Zuerst die Gelehrten, dann den Papst konsultiert

Der König gab bekannt, er habe für seine Initiative zuerst die Zustimmung der islamischen Gelehrten seines Landes eingeholt. Dann suchte er am 6. November 2007 Papst Benedikt XVI. im Vatikan auf – ein „unvergessliches“ Treffen in freundlicher Atmosphäre. Nach Beratungen mit Muslimen will König Abdullah mit Vertretern von Judentum und Christentum eine Serie von Treffen durchführen, an denen eine Plattform erarbeitet werden soll, „um die Menschheit zu erhalten gegenüber denen, die Religion, Ethik und den Zusammenhalt der Familie beschädigen“. Komme eine Einigung zustande, werde er sie der UNO vorlegen.

Gegenkräfte

Der Vorstoss des Königs dürfte in seinem Land nicht nur auf Verständnis stossen. In der Woche vor Ostern lehnte der Schura-Rat, der das Herrscherhaus der Saud berät, eine Gesetzesvorlage ab, welche Respekt für andere Religionen und religiöse Symbole geboten hätte. Die Vorlage, für welche sich die Arabische Liga ausgesprochen hatte, wurde im Verhältnis 7:3 abgeschmettert. Ein Mitglied der Schura erläuterte einem Journalisten, man wolle nicht-monotheistischen Religionen keinen rechtlichen Status im Land geben, welcher den Bau von Tempeln zu Folge hätte.
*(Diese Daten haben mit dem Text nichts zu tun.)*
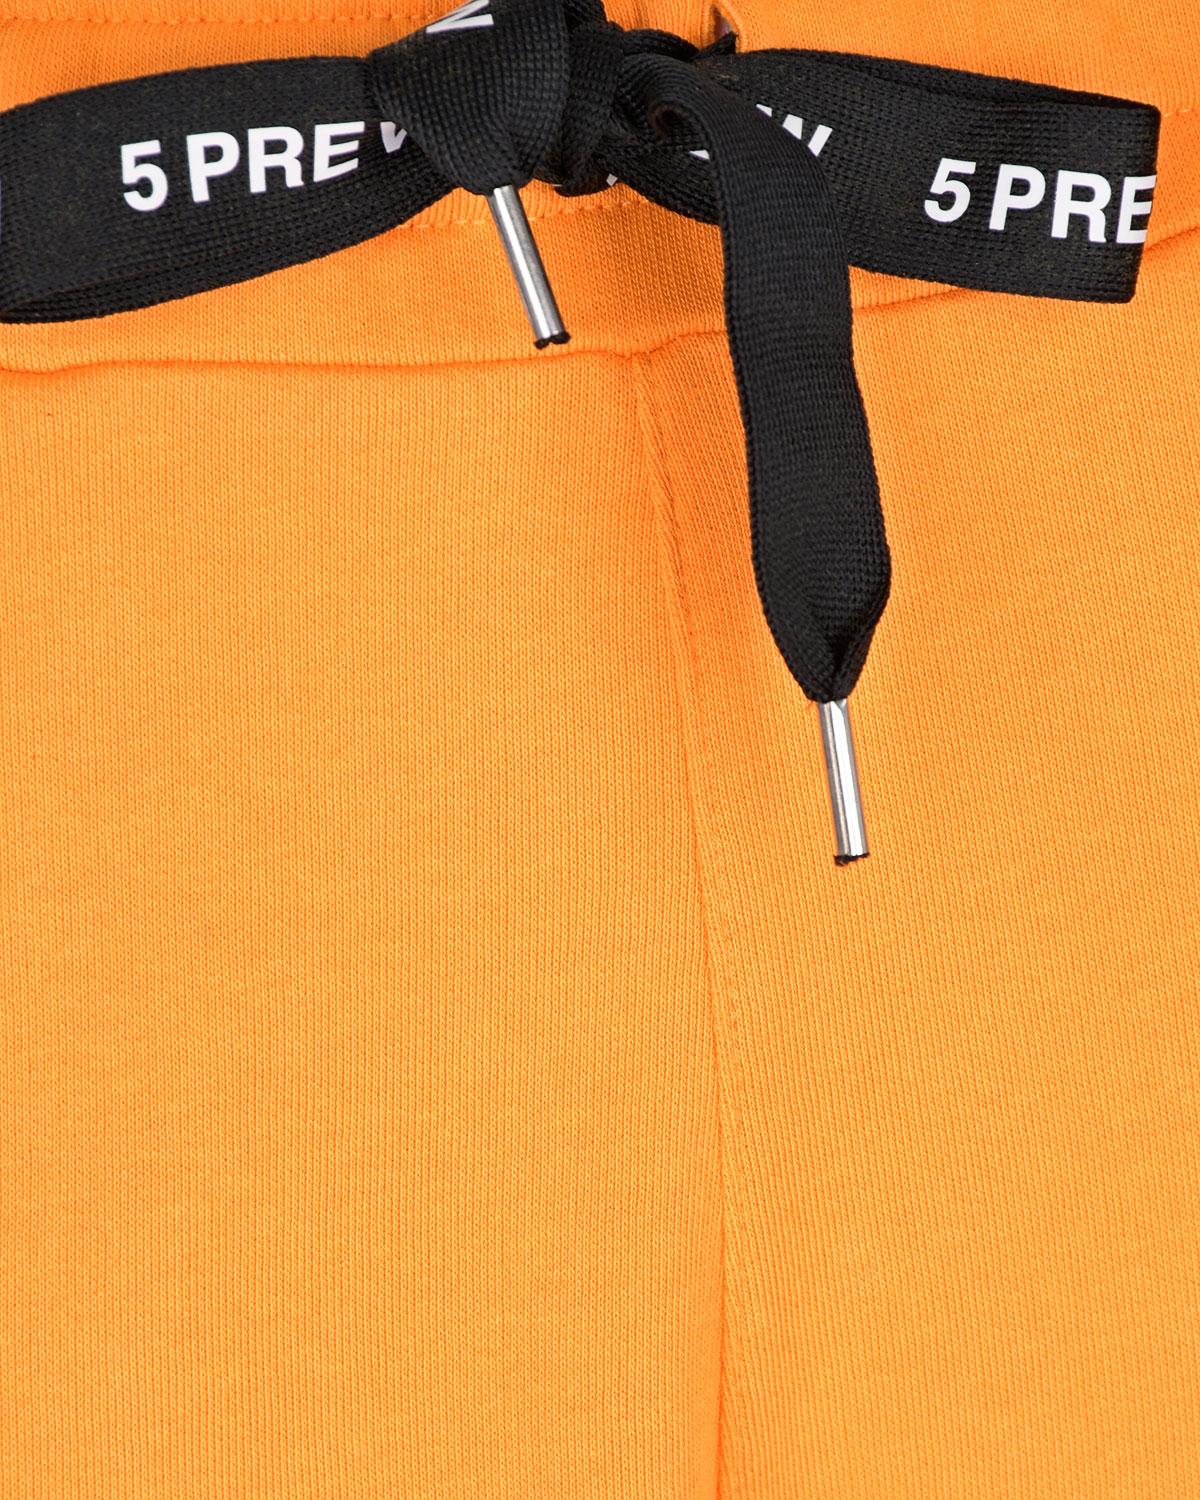 Оранжевые джоггеры с лампасами 5 Preview, размер 40, цвет оранжевый - фото 9

Strengstes islamisches Land

Dass der König Saudi-Arabiens, „Hüter der Heiligen Stätten“ von Mekka und Medina, Christen und Juden zum Dialog einlädt, wäre auch in Zeiten geringerer Irritationen zwischen der islamischen und der westlichen Welt bemerkenswert. Denn die wahhabitische Form des Islam, massgebend für das Herrscherhaus Saud, empfiehlt gegenüber Nicht-Muslimen traditionell Misstrauen.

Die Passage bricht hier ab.